Aurangzeb expressed optimism about planned measures to increase income tax rates and broaden the tax net to cover small traders. The success and public acceptance of these measures remain to be seen in the upcoming months.
The budget projections include an ambitious 40% rise in Federal Board of Revenue (FBR) collections, with significant increases in sales tax and petroleum levy collections. The disproportionately high burden of indirect taxes on the common populace, compared to the wealthy, calls into question the impact of these tax policies on different segments of society.
The heavily contractionary fiscal policy for the current year raises significant concerns about its compatibility with achieving the targeted growth rate of 2.5 to 3.5 percent.

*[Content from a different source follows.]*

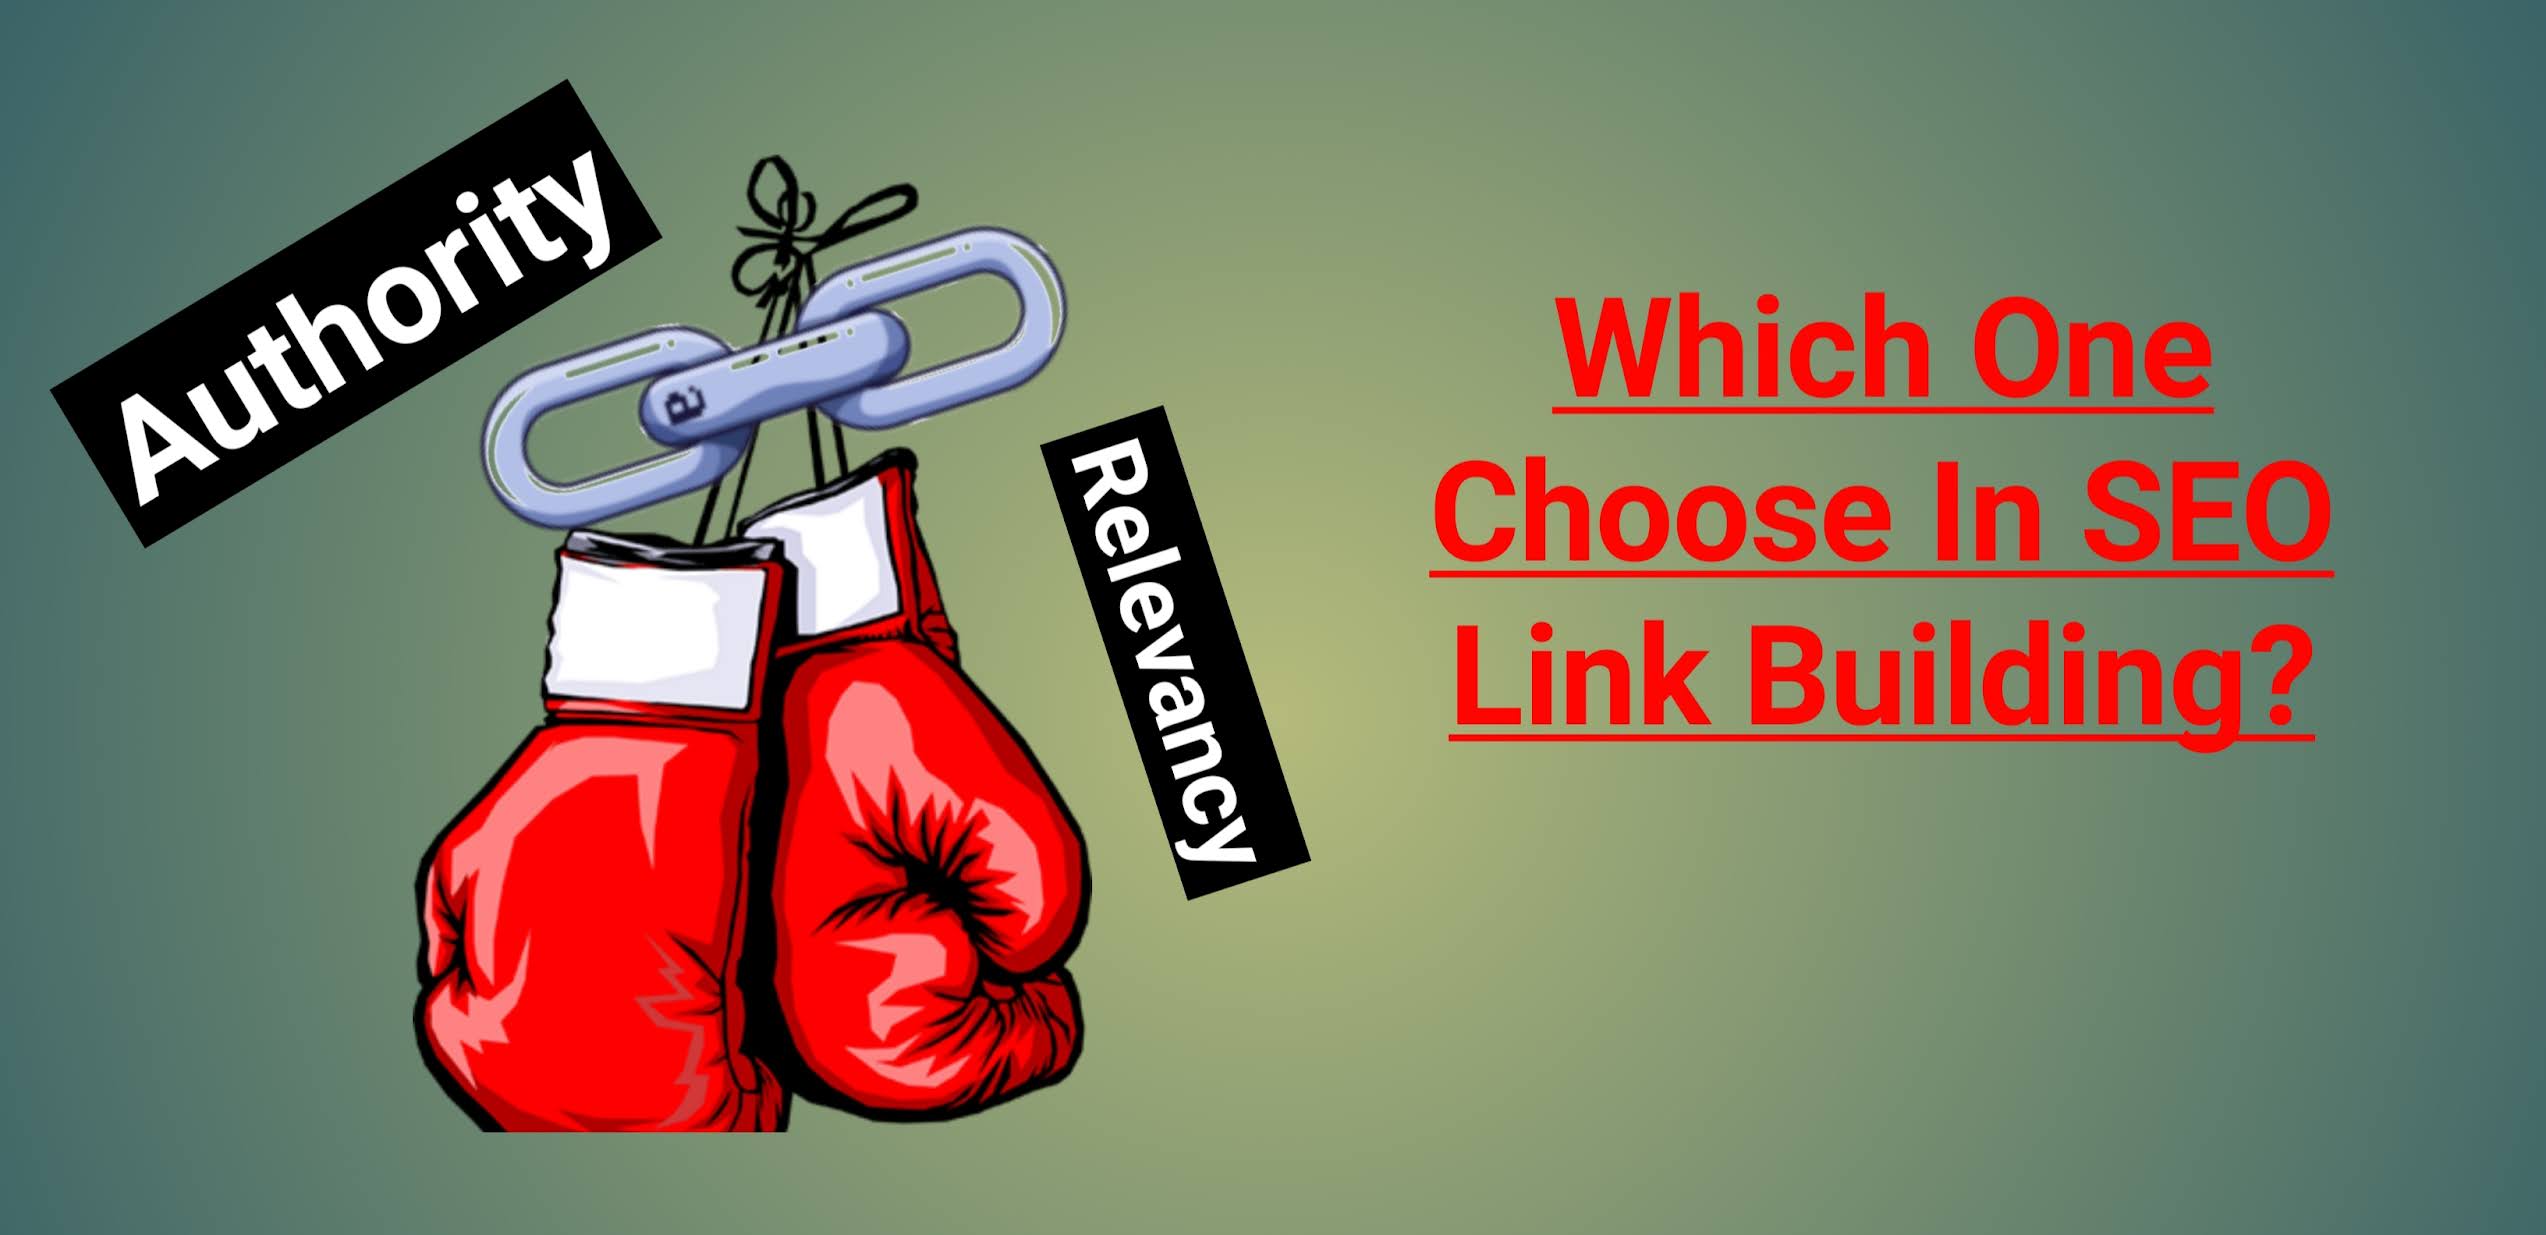 Authority Vs Relevancy - Which One Choose In SEO Link Building?

There is an urgent and clear need for a paradigm shift in thinking to align fiscal policies with the goal of achieving stability and growth, a shift that has not been evident in the current budget proposal.
Given the economic challenges, there is a pressing need for out-of-the-box thinking, including a reduction in government current expenditure to minimize reliance on external and domestic borrowing. The burden of fiscal reforms should not fall disproportionately on an already heavily taxed public, especially considering the high poverty levels in the country.
Additionally, reforms in the mismanaged power sector should focus on addressing inefficiencies and redirecting subsidies to ensure that the burden does not solely fall on taxpayers. The need to expand the tax base to include wealthy individuals and traders is acknowledged, but the timing and economic context require a more balanced and fair approach that garners public support.
In conclusion, achieving stability and setting the stage for sustainable growth necessitates a comprehensive strategy that involves carefully evaluating current expenditure items, engaging in meaningful fiscal reforms, and garnering public support to defuse potential social unrest. This approach is crucial to guiding the path toward macroeconomic stability and inclusive growth.